• The data
= Beginning of Section =

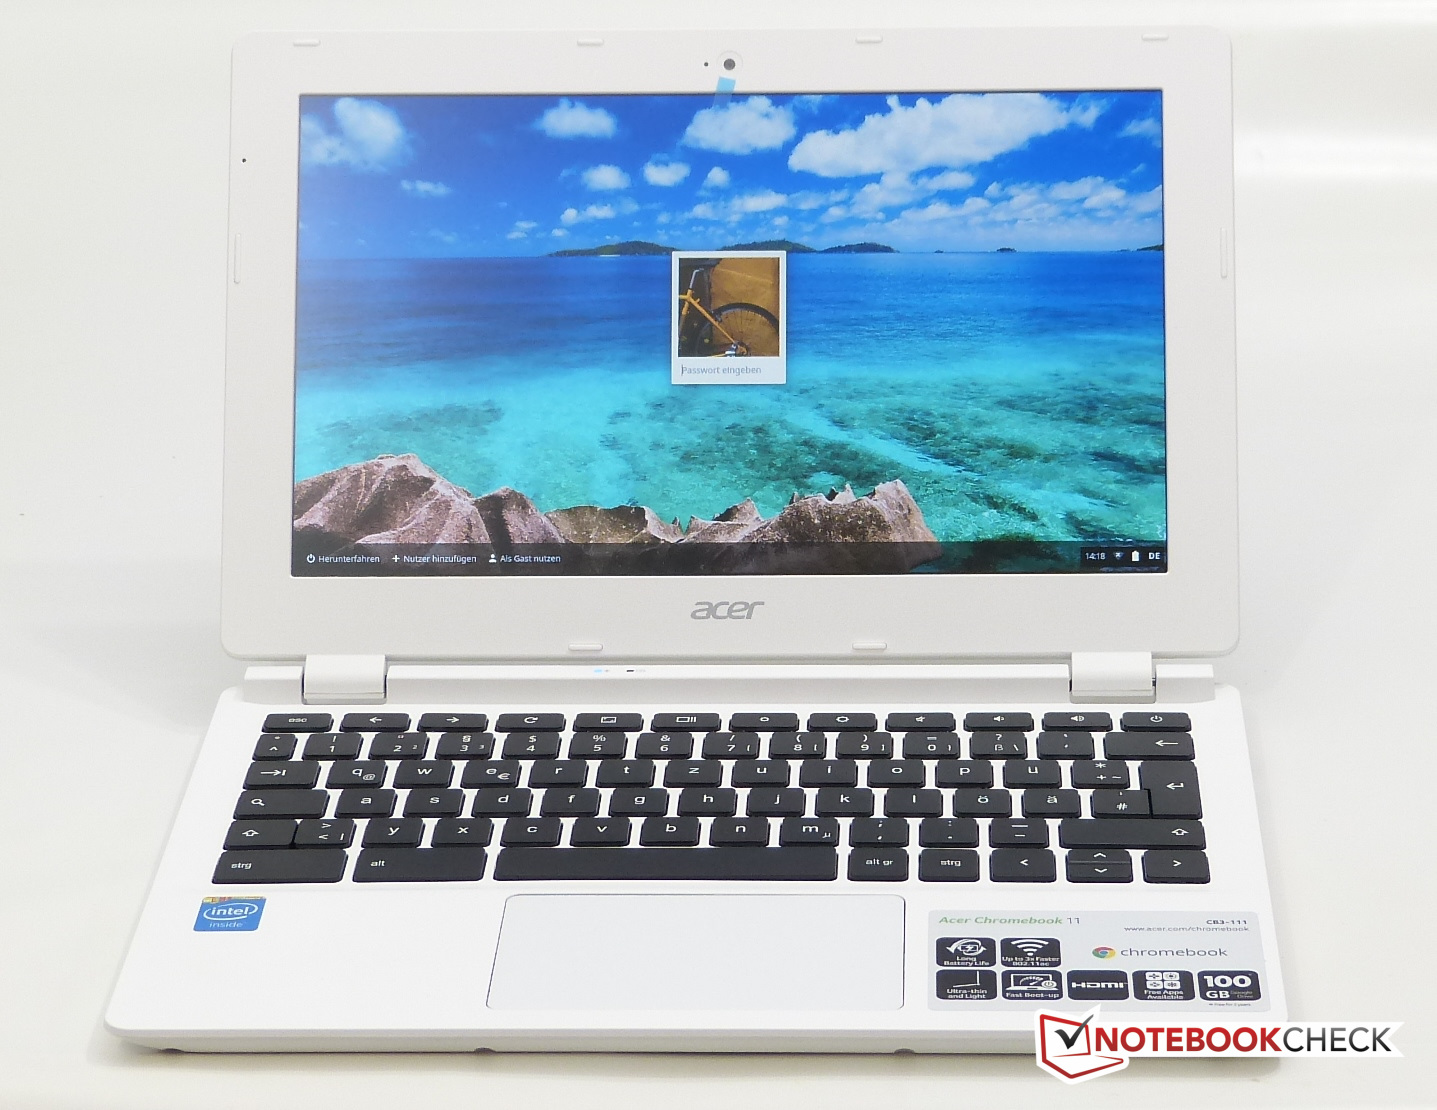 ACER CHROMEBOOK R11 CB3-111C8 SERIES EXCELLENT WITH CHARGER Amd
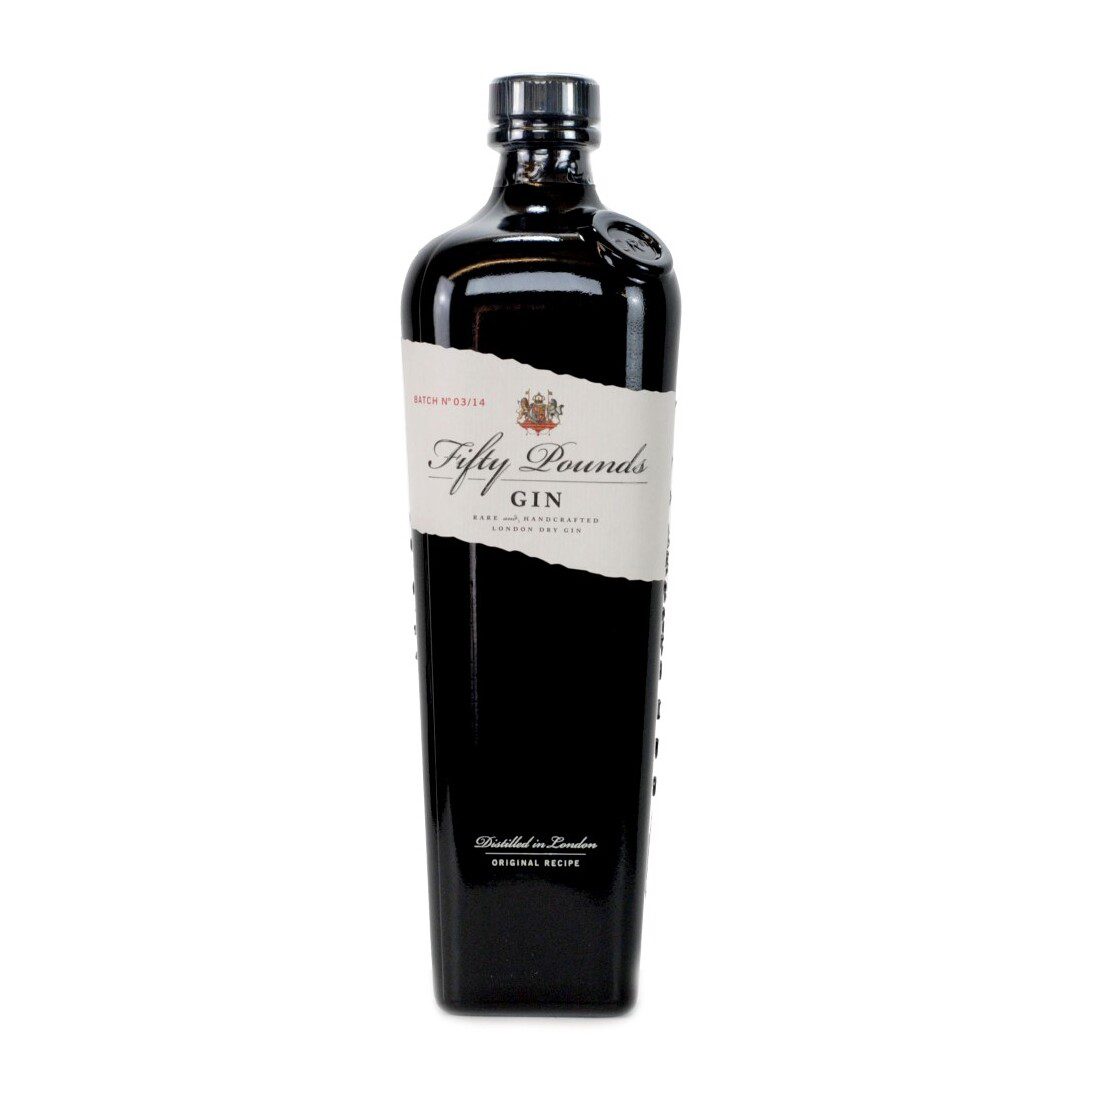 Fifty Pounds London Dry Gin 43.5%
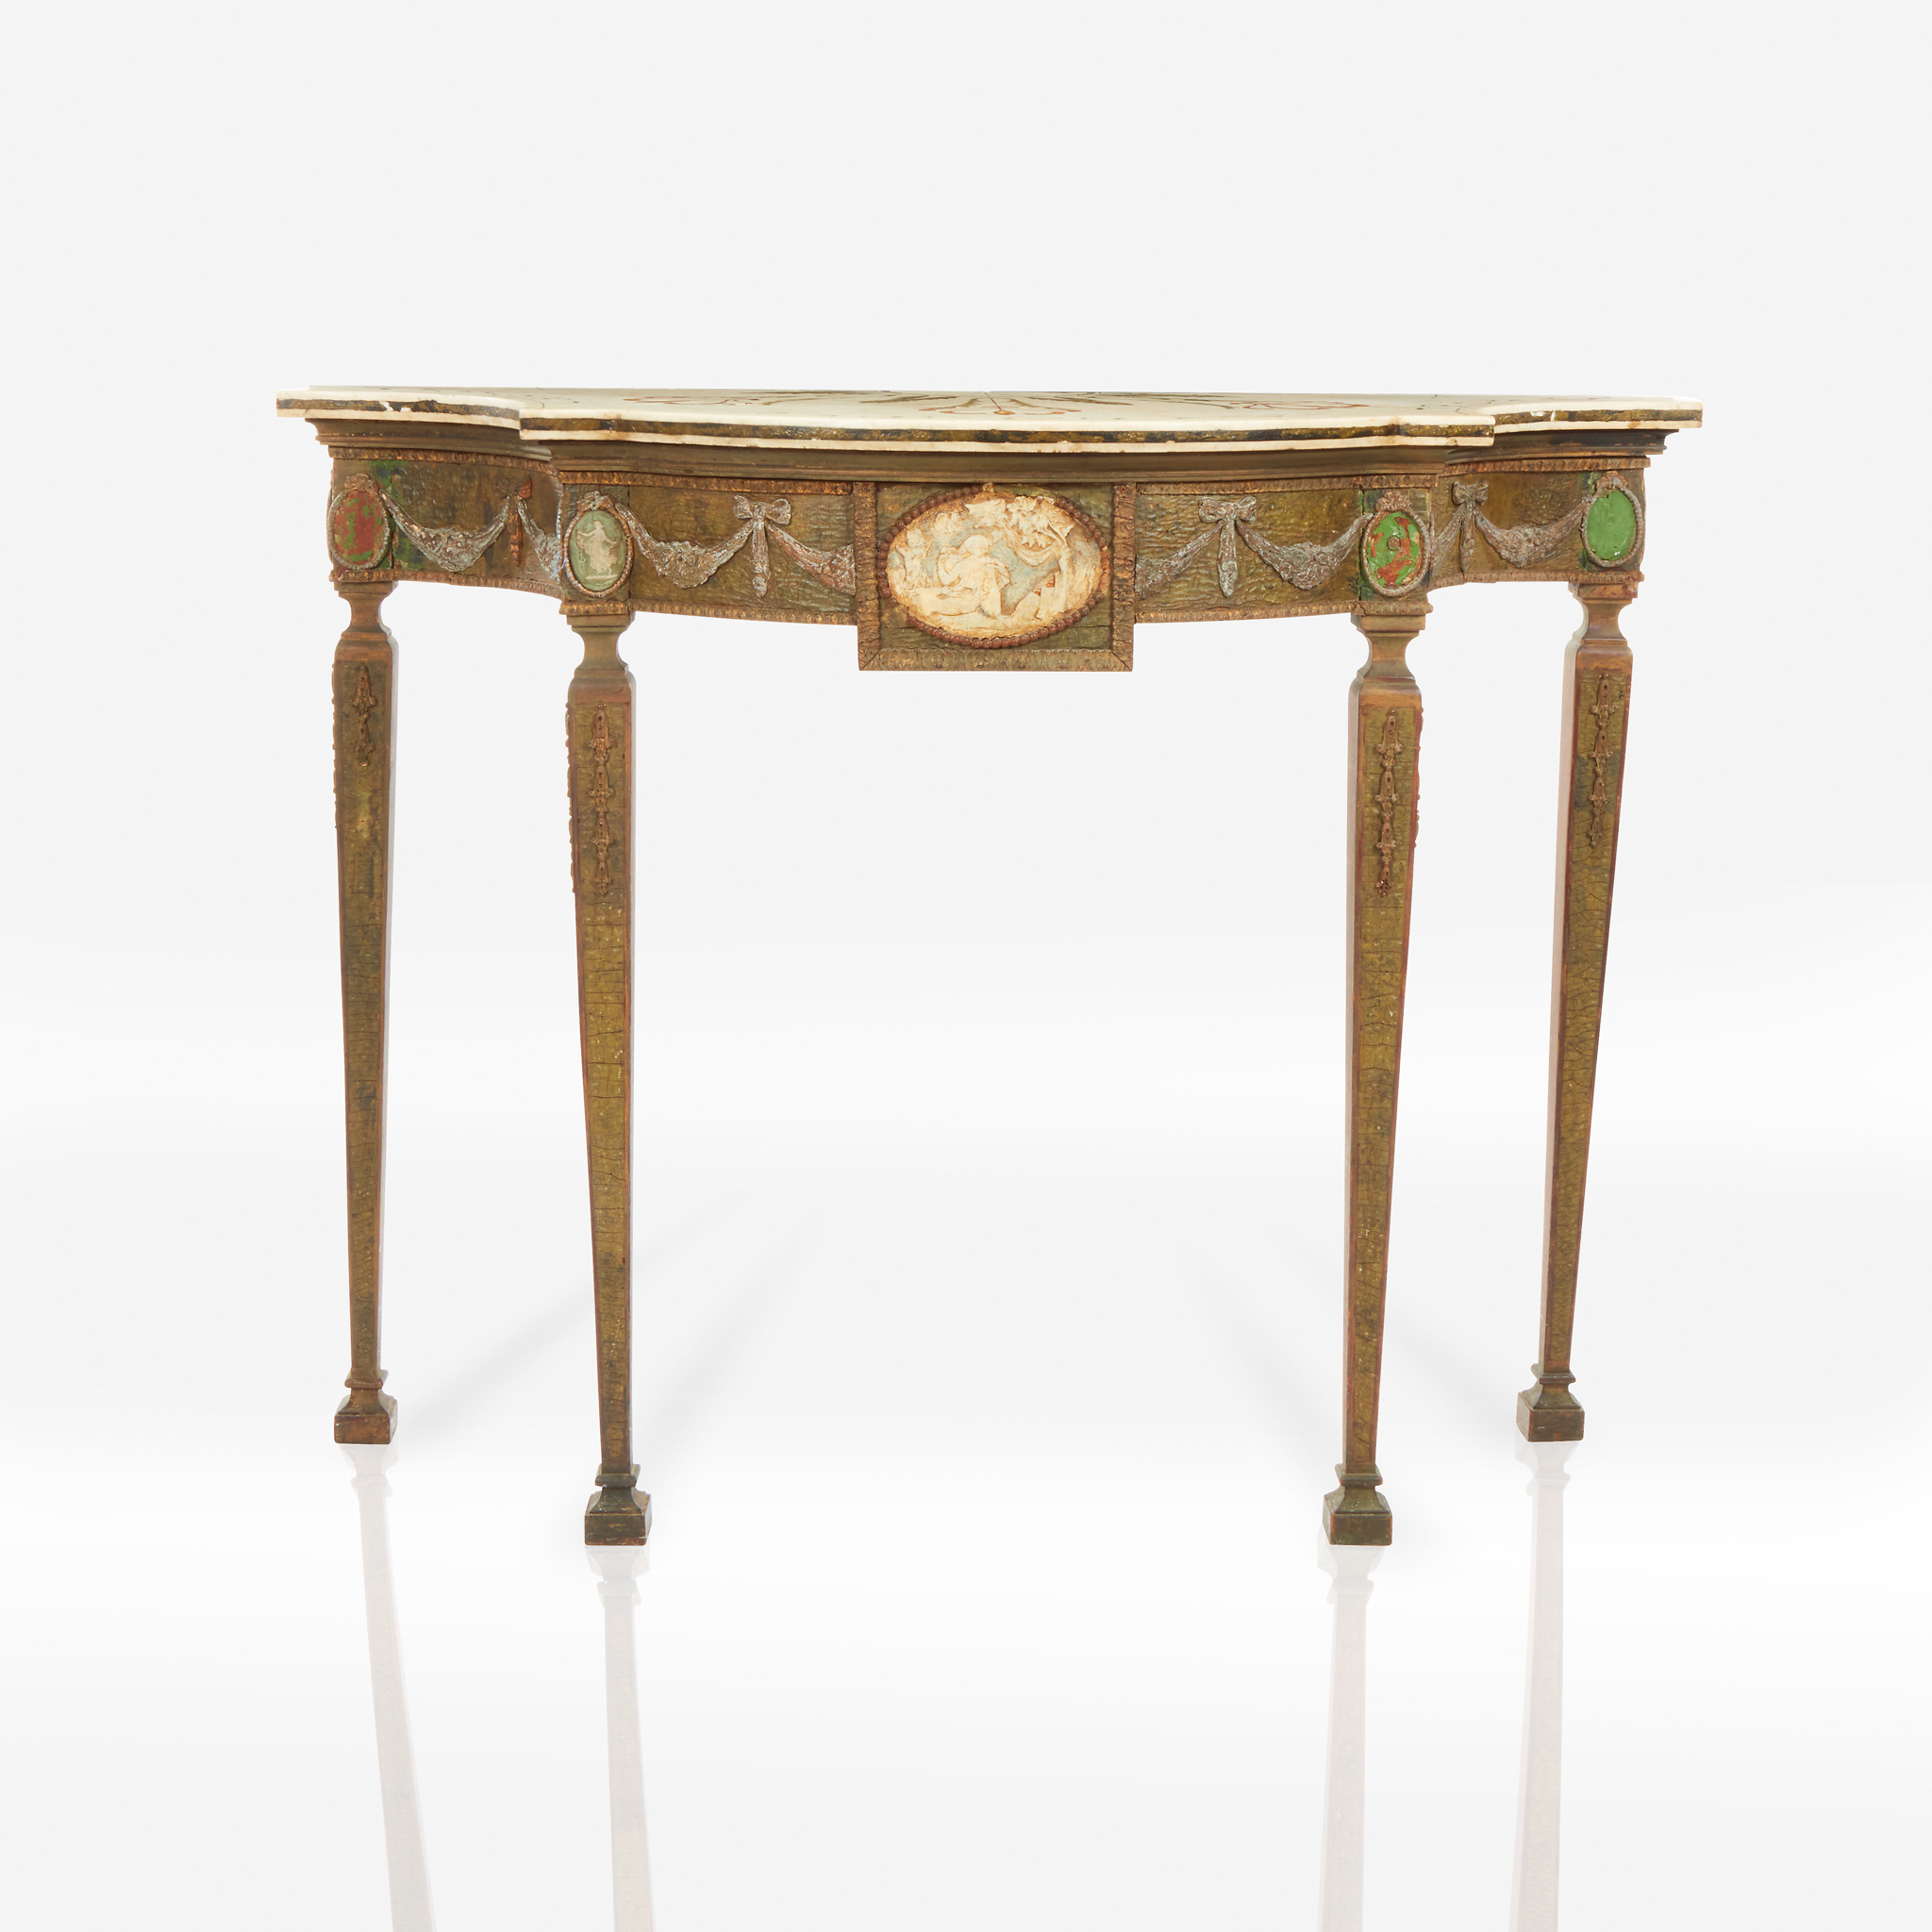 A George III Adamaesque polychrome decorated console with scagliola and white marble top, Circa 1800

= End of Section =

Output all data exactly, omitting images.

 ACER CHROMEBOOK R11 CB3-111C8 SERIES EXCELLENT WITH CHARGER Amd
 Fifty Pounds London Dry Gin 43.5%
 A George III Adamaesque polychrome decorated console with scagliola and white marble top, Circa 1800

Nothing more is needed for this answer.